Haematologica
- Discipline: Hematology
- Language: English
- Edited by: Jacob M. Rowe

Publication details
- Former name: The Hematology Journal
- History: 1920–present
- Publisher: Ferrata Storti Foundation (Italy)
- Frequency: Monthly
- Open access: Yes
- License: CC BY-NC
- Impact factor: 11.049 (2021)

Standard abbreviations
- ISO 4: Haematologica

Indexing
- CODEN: HAEMAX
- ISSN: 0390-6078 (print) 1592-8721 (web)
- LCCN: 2004208974
- OCLC no.: 1118753

Links
- Journal homepage; Online archive;

= Haematologica =

Haematologica is a monthly peer-reviewed open access medical journal published by the Ferrata Storti Foundation. The editor-in-chief is Jacob M. Rowe (Rambam Medical Center, Haifa, Israel). The journal covers all topics related to experimental and clinical hematology. It was established in 1920 by Adolfo Ferrata.

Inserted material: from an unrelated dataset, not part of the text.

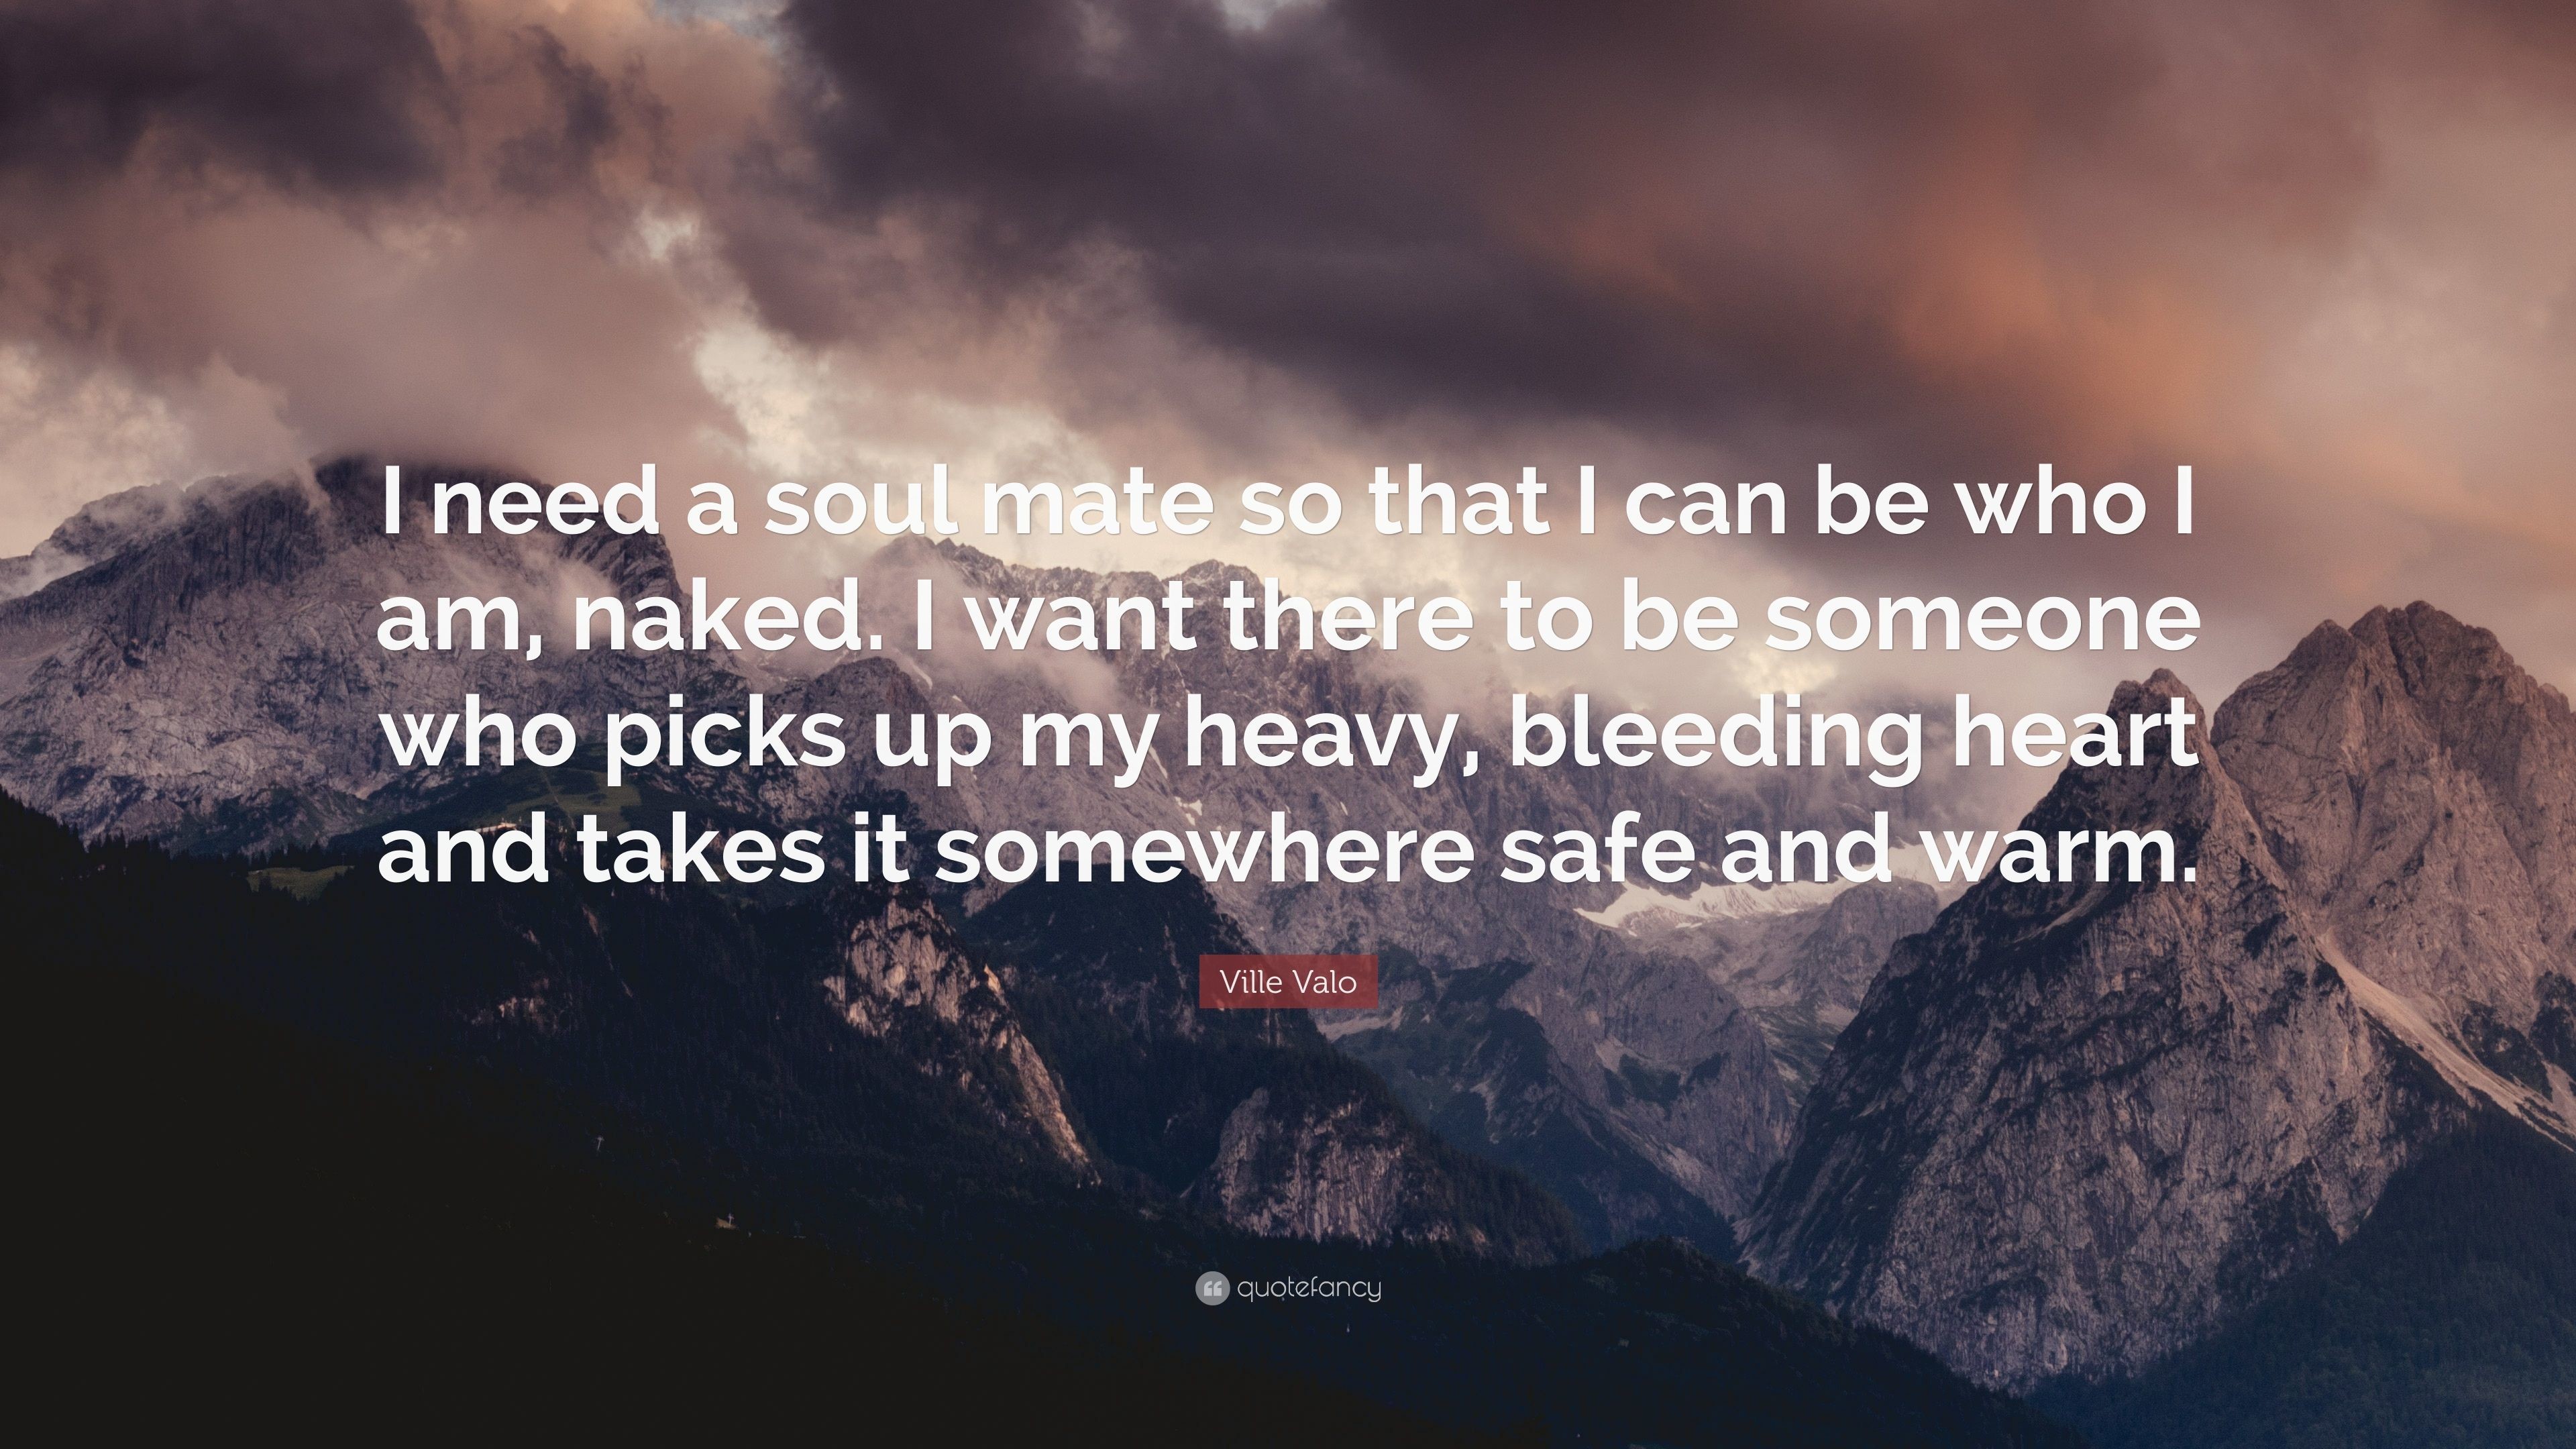 3840x2160 Ville Valo Quote: “I need a soul mate so that I can be who

==Abstracting and indexing==
The journal is abstracted and indexed in Biological Abstracts, BIOSIS Previews, Current Contents/Clinical Medicine, Current Contents/Life Sciences, Embase, Science Citation Index Expanded, and Scopus. According to the Journal Citation Reports, the journal has a 2021 impact factor of 11.049.